Mapping Friendships? Facebook Maps Social Networks

The recent growth of web-based “social networks” inspire maps no longer rooted in terrestrial relations, but stand to become vertiginously unmoored from them:   maps often help us to grapple with the distance between them, as much as to orient us spatially to their relationships, but the blobs on this series of maps oddly disaggregates the inhabitants from the land, focussing less on their spatial situation than their relative degree of web-presence.   Indeed, in ways that very inventively rewrite the map as a throbbing surface, rather than a static interface, the attachments of folks to the interactive space of Facebook becomes cast as the subject that is being mapped–as well as being the datasource from which the map’s dataset derives.

Thanks to the creative folks at Stamen design, we have a beautiful interactive global map of Facebook users, whose bold colors offer a neatly clickable index of social networking over space.  The map is not an innovative ordering of space, but illustrates the network’s global reach in a twist on the project of mapping the inhabited world, shared by Ptolemy and Abraham Ortelius alike.  But let’s ask what’s at stake in crafting a visualization culled from archived data gathered from users’ profiles–as much as celebrating the virtuosity of the clickable map as a chart of the social network’s reach, as if it were able to map as previously unquantifiable (and indeed ultimately almost ephemeral) value as ‘friendship’ might be.

World's "Friendships" on Facebook

Many maps employ self-reported data.  In a sense, the map of Facebook use–or the self-identified “Friendship Map”–charts global inter-relations, like the global maps of national distribution of GDP, provenance of coffee beans or even pathways of the migrating whales, both discussed in earlier posts.  But whereas  maps objectively mediate terrestrial inter-relations–and inter-connectivity–the notion of connectivity has been re-appropriated in the images of “Friendship” that Facebook commissioned, as has the meaning of the word “Friendship” itself.  On the one hand, this map is a celebration and triumphal illustration of Facebook’s near-ubiquity.  But it is also with clear limits, even if they are unacknowledged.  Anyone not on Facebook is absent from the map, since connectivity is generated from profiles that are registered online.

Facebook connections allowed the folks at Stamen to generate instantaneous images of web-use, making this sequence of clickable maps a truly interactive treat, as well as a visual feast.  But the effect is also to present the data generated from Facebook use as endowed with the allegedly objective criteria of maps, and to normalize Facebook’s criteria of “friendship” in apparently objective terms.  Although the very notion of geographic connectivity is fundamental to map making, the maps that are used as the templates to indicate the “connections” of friending in the Facebook platform invest a sense of objectivity and meaning in trends of friending that elevates the medium as the basis to generate further information to a degree that boosts Facebook’s criteria of meaning, as much as provides analytic tools:  if “the medium is the message,” the medium is not cartography, although the multiple images echo the authority of cartographical forms, but Facebook itself.

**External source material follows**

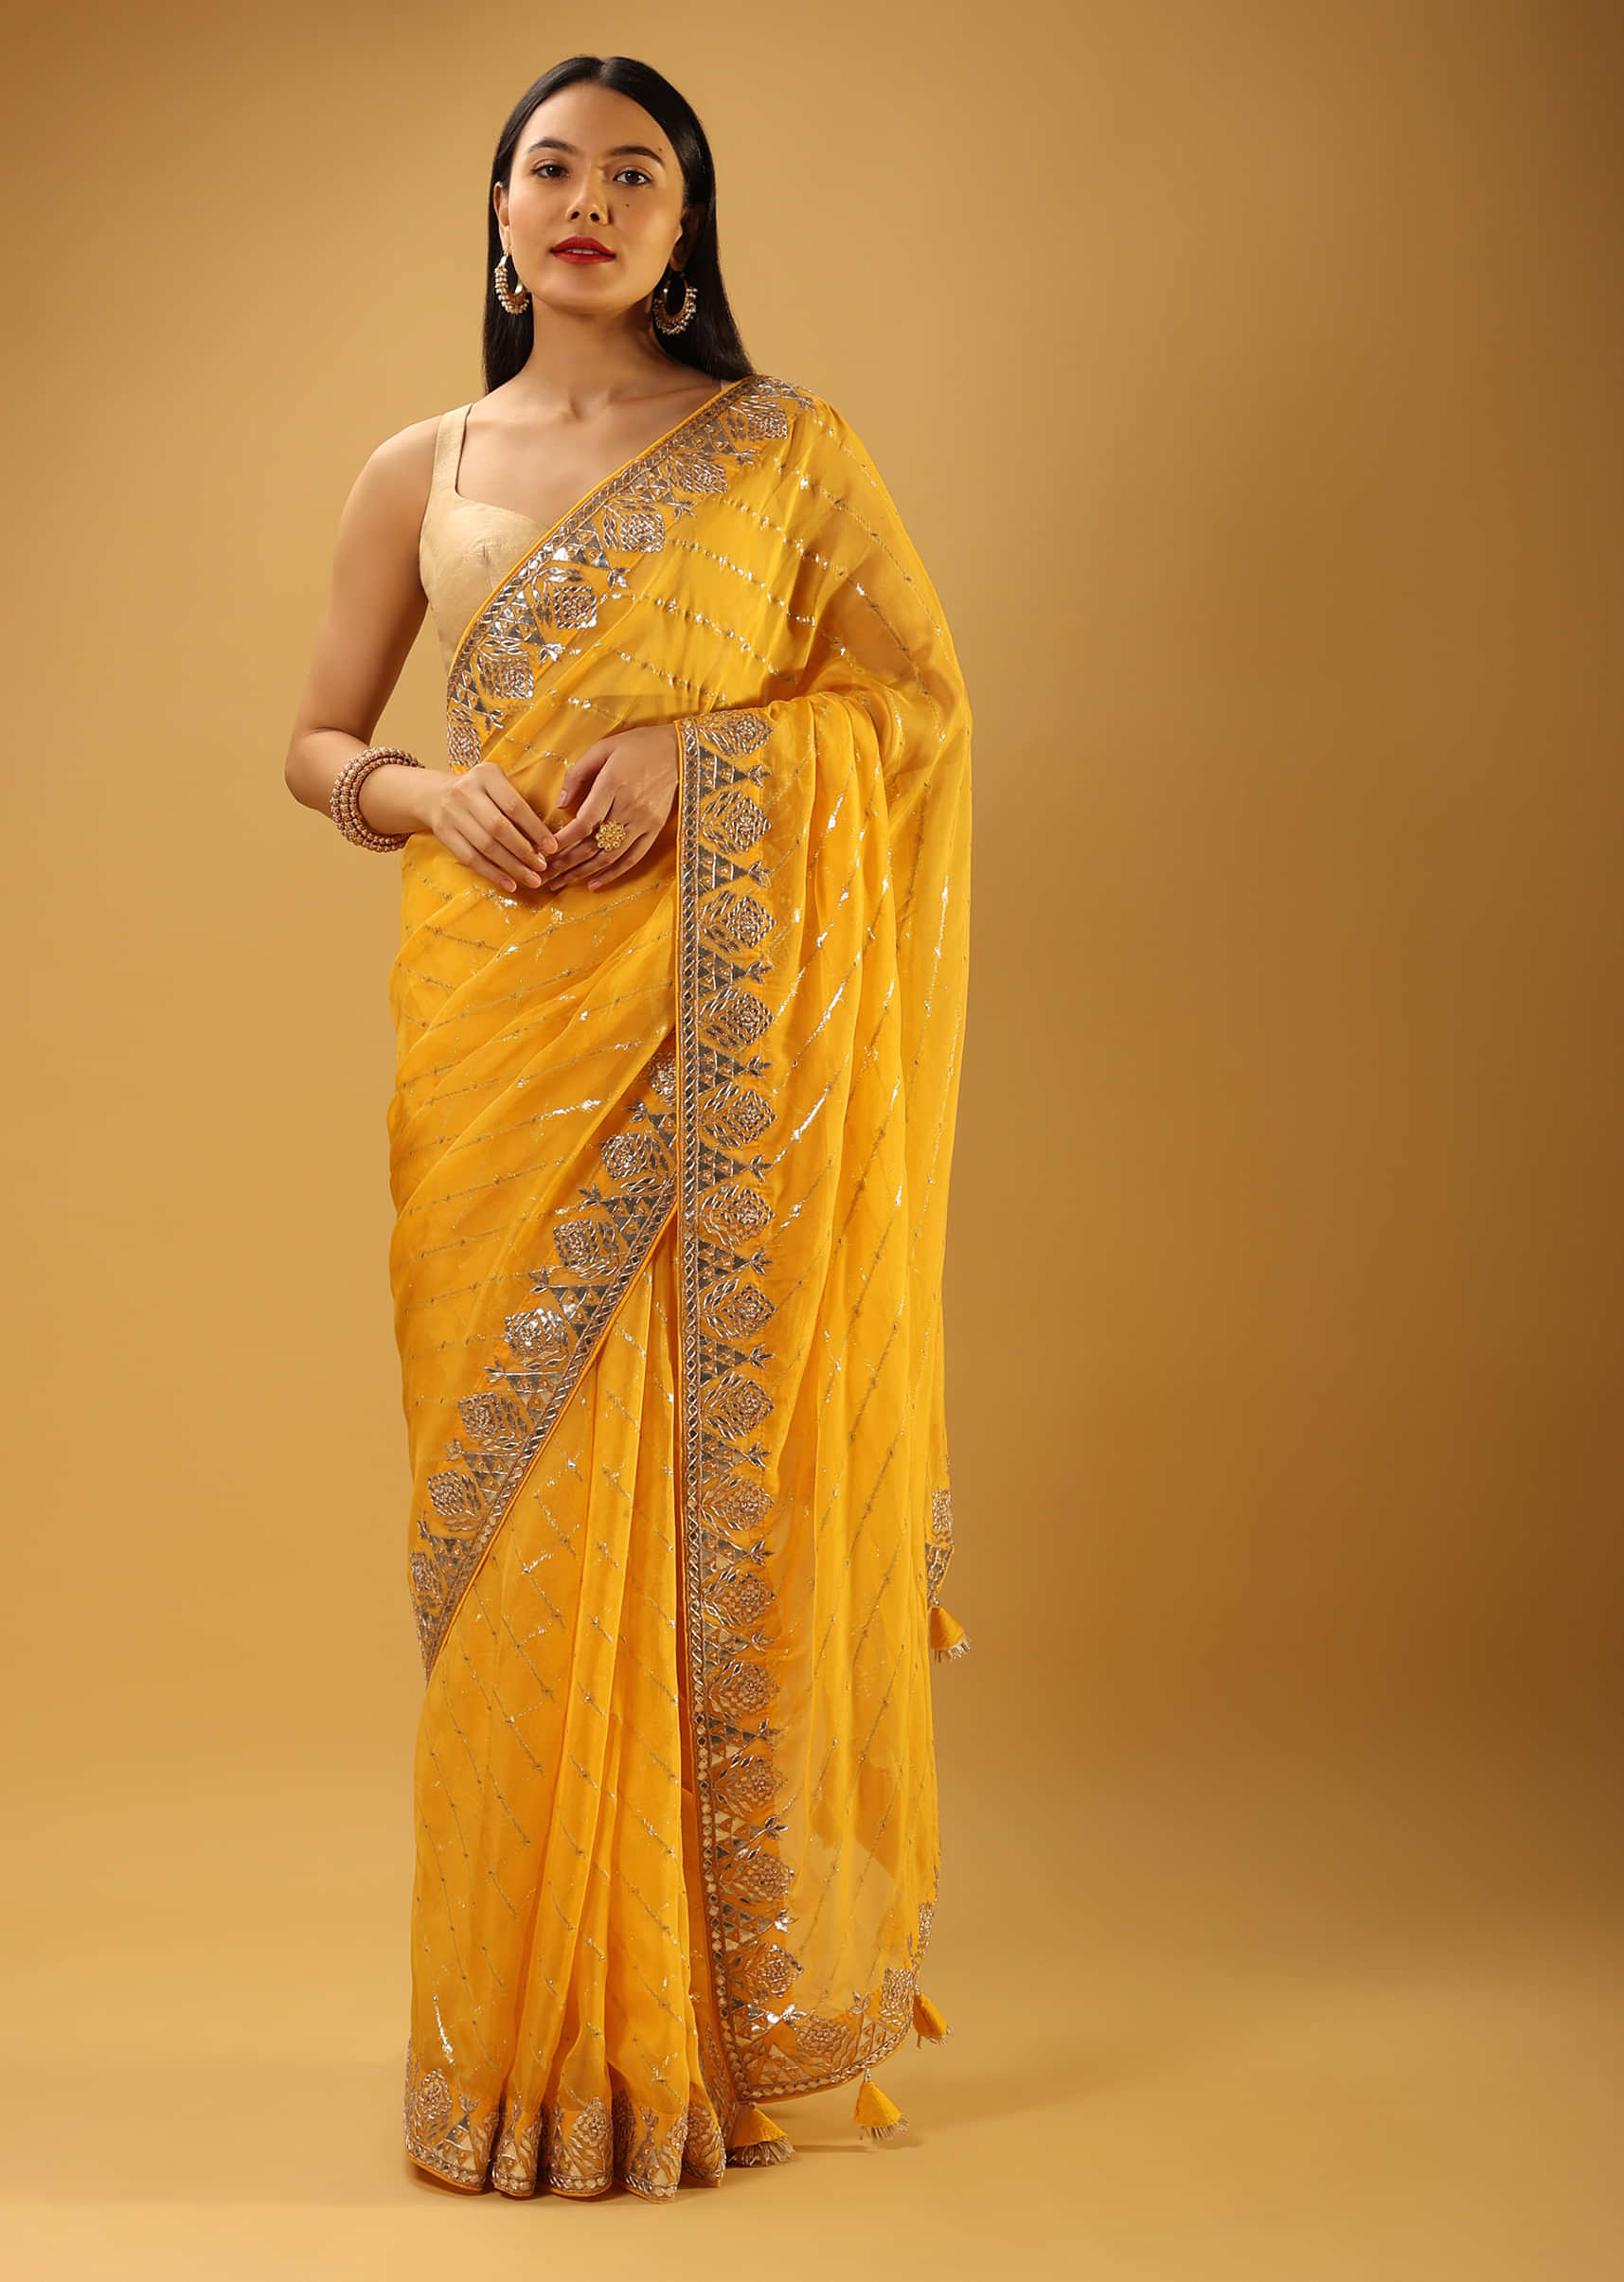 Sun Yellow Saree In Organza With Lurex Woven Diagonal Stripes And Gotta Embroidered Geometric And Floral Border

This is particularly pernicious, and bears some examination.  The maps on this site visualize aggregate friendships on Facebook as quivering blobs of connections that pulsate as with life of their own.  Although claiming objective authority of a map, the aggregates map “friendship” as Facebook has defined it, and embody and reify the data FB use itself creates and generates:  this is a map of FB use, in other words (rather than of web use in general), and a vision of the interconnectivity Facebook promises and the very “Friendships” that it creates.

Take a look once again at the snapshot of the connectedness of the Marshall Islanders who use Facebook:

World's Friendships on Facebook

 

Such a map is decidedly not a territory–nor could it be confused with one.  But if “all maps are arguments,” in Harley’s words, and conceal interests, as much as show meaning, the interests concealed in these “Maps of the World’s Friendship” demand considerable unpacking.  For to me, the multiple maps that Stamen design unveiled last September 12 are something like post-modern versions of earlier corporate emblems.

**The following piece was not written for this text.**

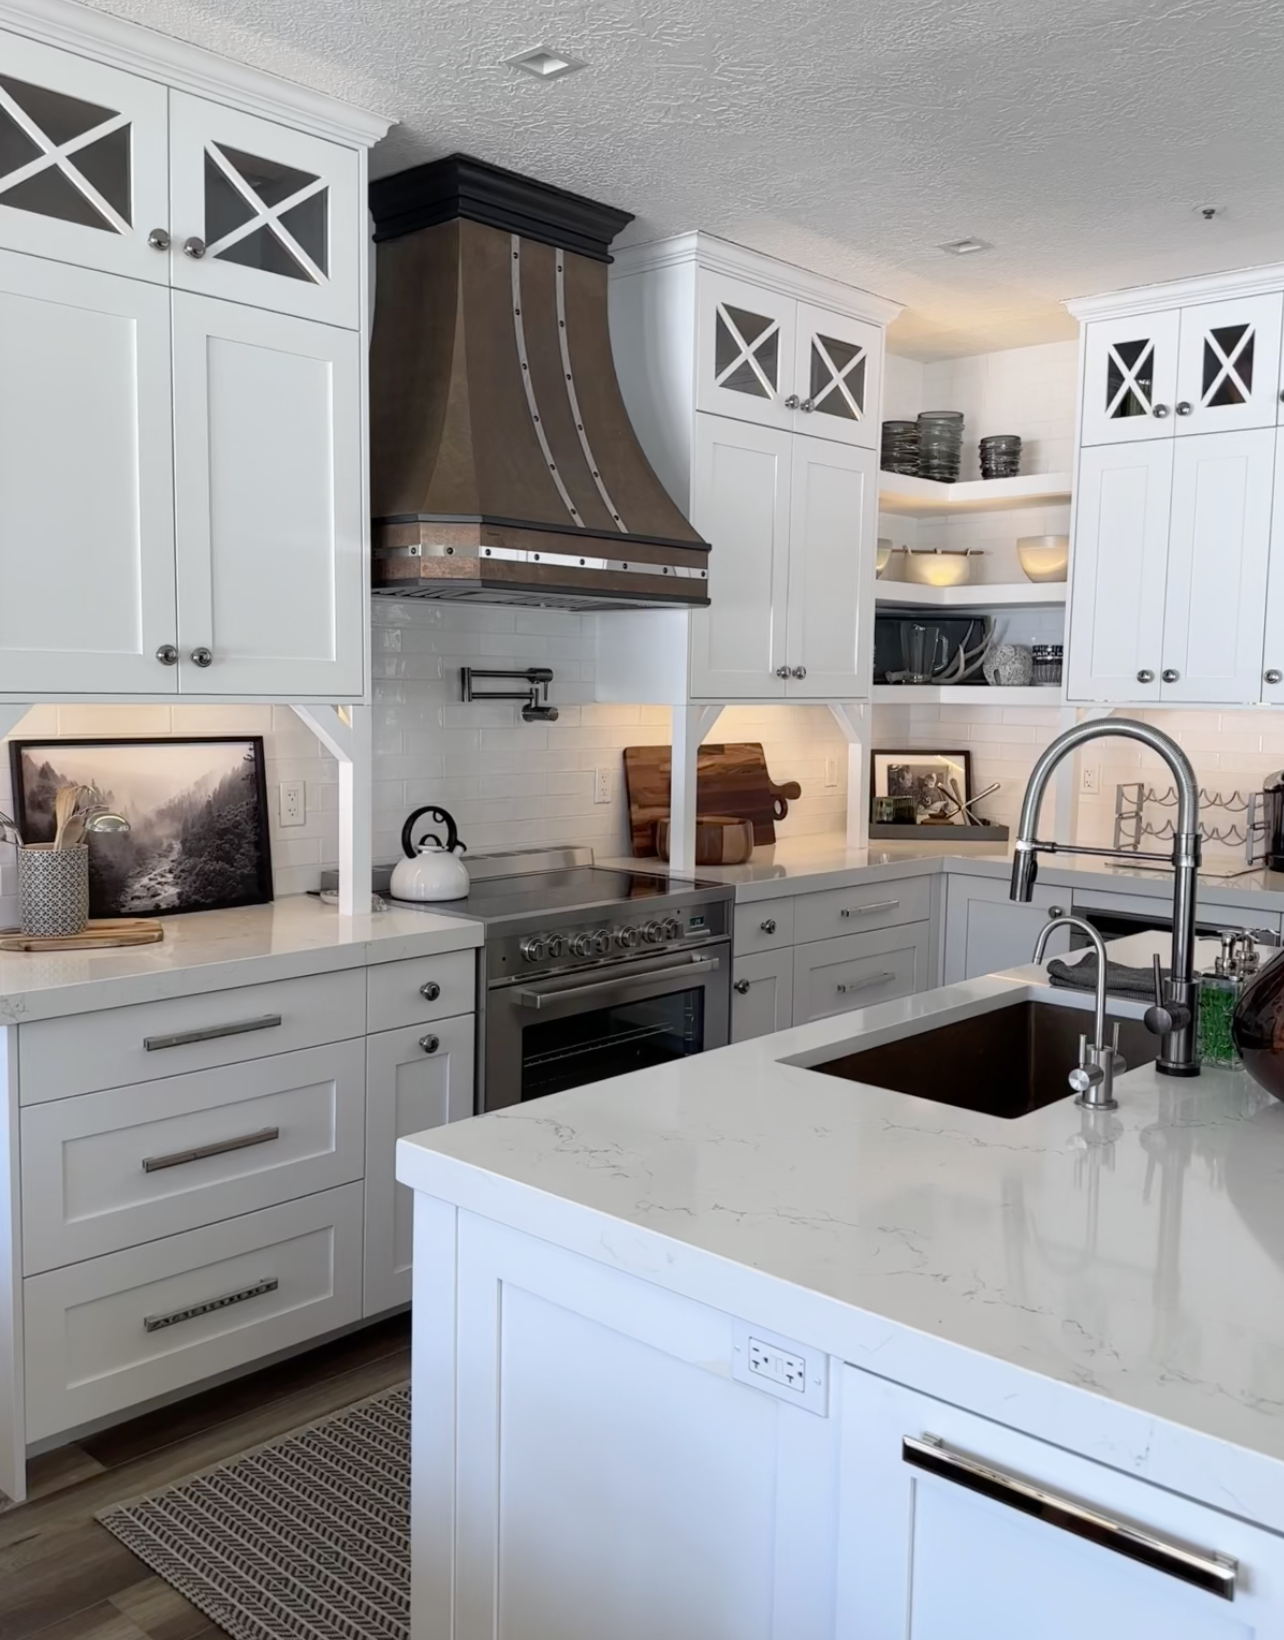 A classic kitchen design idea featuring white kitchen cabinets, white kitchen countertops, brick backsplash complemented by a copper range hood

The aggregate views of information born of Facebook use essentially trumpet the inter-connected world that Facebook promises as a matrix achieved by corporate interconnectedness, in other words, in ways that update the familiar stream-lined modernist logo of global unity Pan Am once used to promote itself as the “world’s most experienced airline,” able to provided air service to all regions of the world by airline jets.  The Pan Am emblem emptied the familiar format of projection from toponyms or places, as if to illustrate the lack of obstacles to air travel and the global surface that its flights promised to link.  The logo owned by Pan American World Airways erased places in favor of the latitudes that link the world bridged by flight paths and no longer in need of land maps, no doubt intentionally offering the new map the airline corporation promised to provide to its users.

 

277px-Pan_Am_Logo.

The interactive map of Facebook connectivity are constantly evolving and generated at a given moment, and, unlike the static emblem, as if living independently from the viewer, but embodying actual FB use.

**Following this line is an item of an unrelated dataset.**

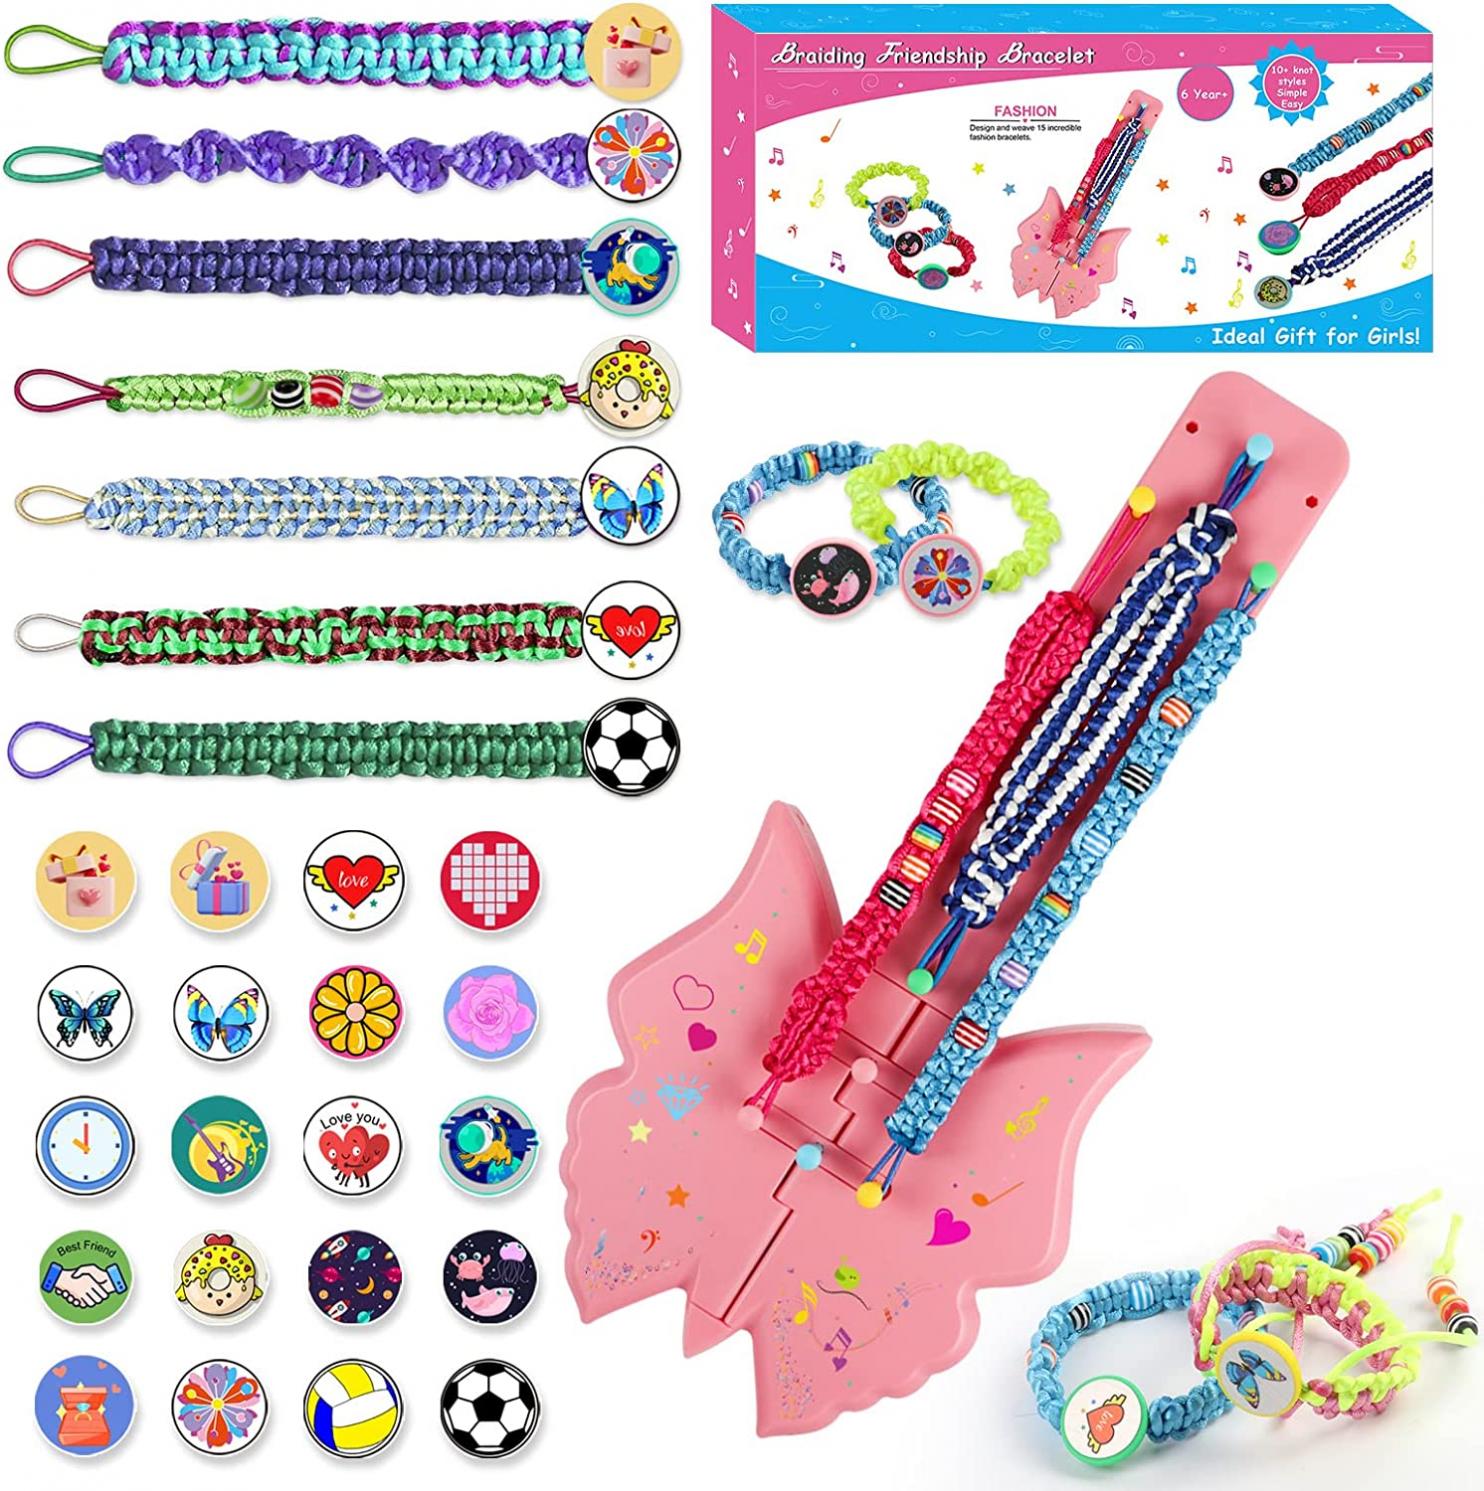 Friendship Bracelet Making Kit for Girls, Best Birthday Christmas Gifts DIY Craft Kits Toys for Girl Age 6 7 8 9 10 11 12 Year Old, Popular Kids Jewelry Making Kit

The contrast is interesting on iconographic grounds as well as stylistic ones.  The generation between these visions of global interconnectedness has led to a map of greater sophistication and persuasiveness of interactive form, and one that seems, like Facebook, user-friendly and value-free:  but the map of Facebook users is particularly insidious, as ‘friending’ and connections are rendered by the web-based platform itself.  In comparison to the Pan Am logo, rather than merely provide an illusory image of the promise of global unity, the map is a triumphant image of the actual interaction that the web-based platform promised: “friending” provides the metric of global interconnectedness and the sole standard of national interconnectivity.  Although the map can be re-centered at a click in order to map the connectedness from a different point of view, the “point of view” does not really change. In the text above the map, “friendship” doesn’t appear in scare quotes:  it in fact normalizes Facebook use as the sole index of contentedness and inter-connection.

Let’s examine specific cases to ask what is revealed or viewable in these multiple maps, which represent a proliferation of different data visualizations as much as providing a basis for geographical or spatial orientation. To do so, return to the “map” of Facebook connectivity in the Marshall Islands, which maps Islanders’s global connectedness via Facebook friendships:

World's Friendships on Facebook

 

 

The notion of mapping an emotion or state of mind–friendship–suggests the sort of positivism of early twentieth-century phrenology, or the comic maps of lands of contentment, like the early modern “Carte du Tendre“–an imagined geography described as a “topographic and allegoric representation” by Mme. de Scudéry in seventeenth-century France–as a geography of Love, complete with a river of Tenderness that runs through towns named after different stages of tender affection.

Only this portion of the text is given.